Still, he has some understanding of what’s at stake here when he says: “The sad thing about this is our rivers are this beautiful resource in Colorado.” Unfortunately, he exposes the awful limits of his understanding when he adds, “We don’t want this to become a tool to battle about rights.”

Wrong Governor, the issue is about rights. Whose river is it–the people’s or the moneyed few who would buy the surrounding land with the intent of monopolizing the “beautiful resource” as a result, allowing a few commercial rafters, perhaps, to float through now and then with their noisy flock so as to maintain an uneasy status quo?
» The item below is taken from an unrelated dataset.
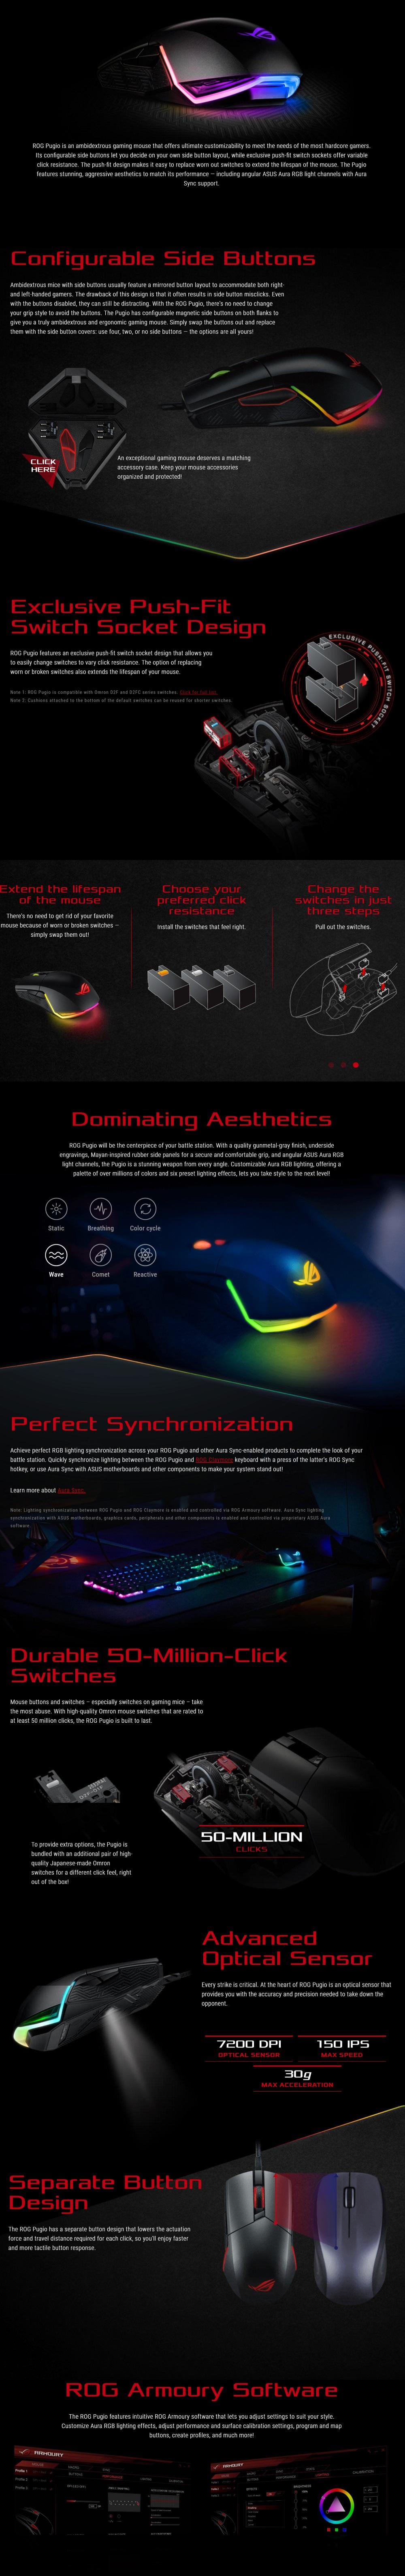 Asus ROG Pugio Aura [7 2K] DPI Gaming Mouse

What can we do to reassert the public’s right? Well, the legislature and the Guv look to be lost causes. We could rely on the United States Supreme Court to overrule the malfeasance of our state courts–a dicey business, not from the standpoint of the law, of course, but from the politics involved. The Roberts court’s recent decision equating money with free speech—the more money the more free speech–doesn’t give one confidence that we groundlings have the same number of rights as those with a bagful of money like Tex.

A more direct approach would be to go directly to the people through a ballot initiative reestablishing in the state constitution that the rivers and streams of the state are held in public trust for the people. The Court’s Central Illinois Railroad decision would provide legal ballast, as would a number of other Court decisions, a few of which have been cited here.

Moreover, something like a public trust doctrine limiting the legislature’s power to dispose of the public’s water was a central issue at the constitutional convention of 1876-77 and could be invoked again. Some at the convention argued that the waters of the state should be state owned. But others were staunchly opposed, as David Schorr has shown in his wonderful paper, Appropriation as Agrarianism, Tel Aviv University Law School, Paper 74, 2008 p.43. Among them was H.P.H. Bromwell, a former U.S. Congressman and populist firebrand. According to a report in the Denver Daily Times, Bromwell was afraid of monopoly ownership of rivers if the state were given ownership, for the legislature would be under constant pressure from lobbyist for the moneyed class. His opinion was that if the “capitalists get hold of all the water, they will have the people by the throat.”

Bromwell supported public ownership as a hedge against monopoly ownership, and it was his side that carried the day.

Other western states have a public trust doctrine enshrined in their constitution. Their effectiveness has been unequal depending on the strength of the statute, with Washington’s probably providing the best template.

Also, most western states have public access laws much more liberal than Colorado’s. Montana law, for instance, allows public access to all rivers up to the historic high water mark. Utah, that hotbed of communism, established public ownership of and access to all rivers of the state as the result of a recent state supreme court decision.

Neither law is popular with big landed interests, but the Montana law has survived for about 3 decades, and the mob has not destroyed its rivers. The opposite has taken place. With ownership and access the public has become more and more interested in restoring and protecting that which they recognize as their own.

As to the claim of the high rollers that Snuffy Smith floating by will destroy their tranquility and the river, let me say that hundreds of people pass by my house each day, some walking, some riding, some loud, some speeding, but, all in all, they are a pretty decent bunch. Some even slow down to smile and wave. The high rollers can expect the same.

Ol’ Ben Franklin is supposed to have remarked that, “in rivers and bad government, the lightest things swim at the top.” He wasn’t talking about the brown trout fisherman pursue. It’s time we cleaned up our rivers and our government.